Chemical Weapons Plant Will Combat HIV/AIDS, Malaria

The United States and Britain have sent doctors and experts in biosafety and biosecurity matters to assist the Libyans in their efforts to modernize and redeploy their scientific and health care industries. In addition, we continue to assist in redirecting Libyan scientific efforts from WMD toward more productive activities with the full support of the international community. With Italian assistance—and thanks to an international diplomatic effort led by the United States to enact a technical change to the Verification Annex of the CWC—the Libyans are converting the infamous Rabta plant, under international supervision, from a chemical weapons factory to a pharmaceutical plant that will produce anti-malaria and anti-HIV/AIDS drugs for sub-Saharan Africa.
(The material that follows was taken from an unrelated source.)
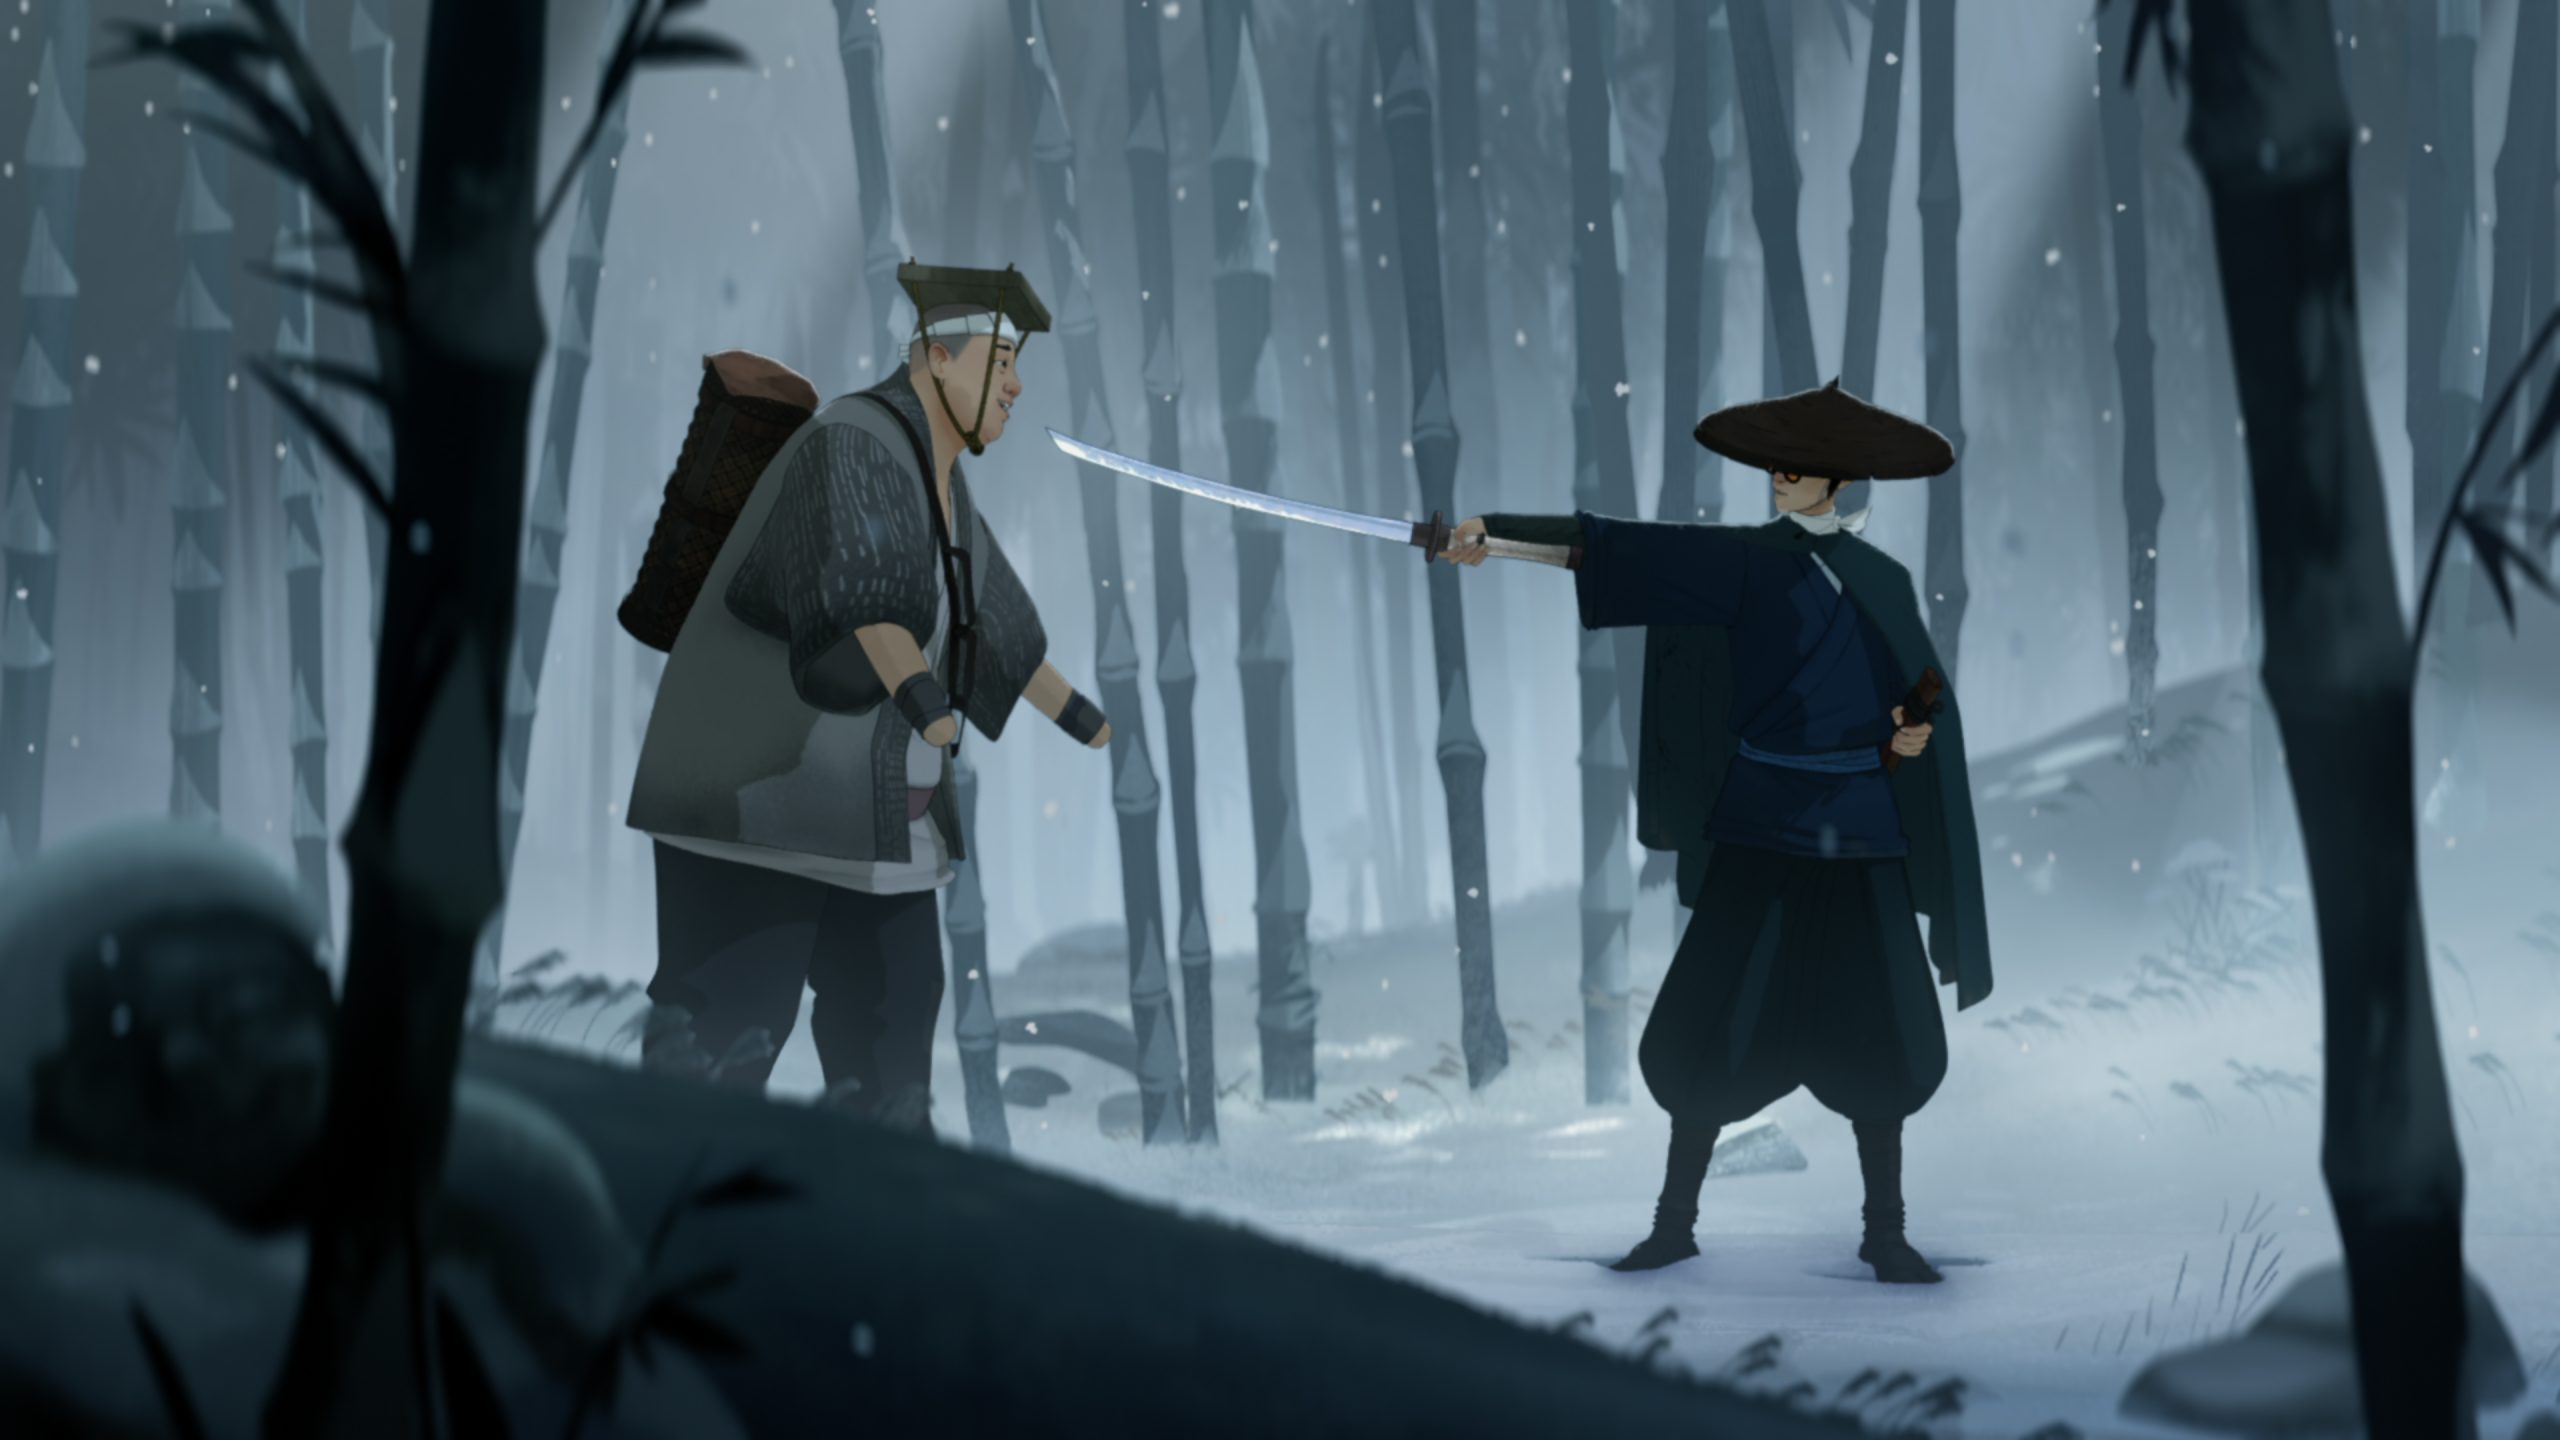 Anime 2560x1440 Blue Eye Samurai Netflix TV Series sword katana Japan samurai snow women with swords

The United States government has used all of the tools at its disposal to change dramatically the cost-benefit calculations of rogue countries and proliferators around the world. We have penalized proliferators by aggressively imposing sanctions on them; we have coordinated with like-minded friends to improve our collective abilities to interdict WMD-related shipments; and we have shown ourselves more than willing to take dramatic action—even to the point of deposing a cruel dictator in Iraq who had previously used chemical weapons on his own people and would not hesitate to do so again if he had the capability. These new realities were recognized by Qadhafi who, explaining his dramatic decision to abandon his WMD programs, said in February 2004 "there are new realities. We are adapting to the new realities." The United States and the international community have welcomed and applauded his decision, and the Libyan people are benefiting from the wisdom of this choice.

Libya's strategic commitment is a model, and presents a road map, for rogue countries that have been appropriately isolated by the international community due to their pursuit of WMD. The Libyan model shows a path out of this isolation achievable by making a genuine commitment to verifiably eliminating such dangerous weapons.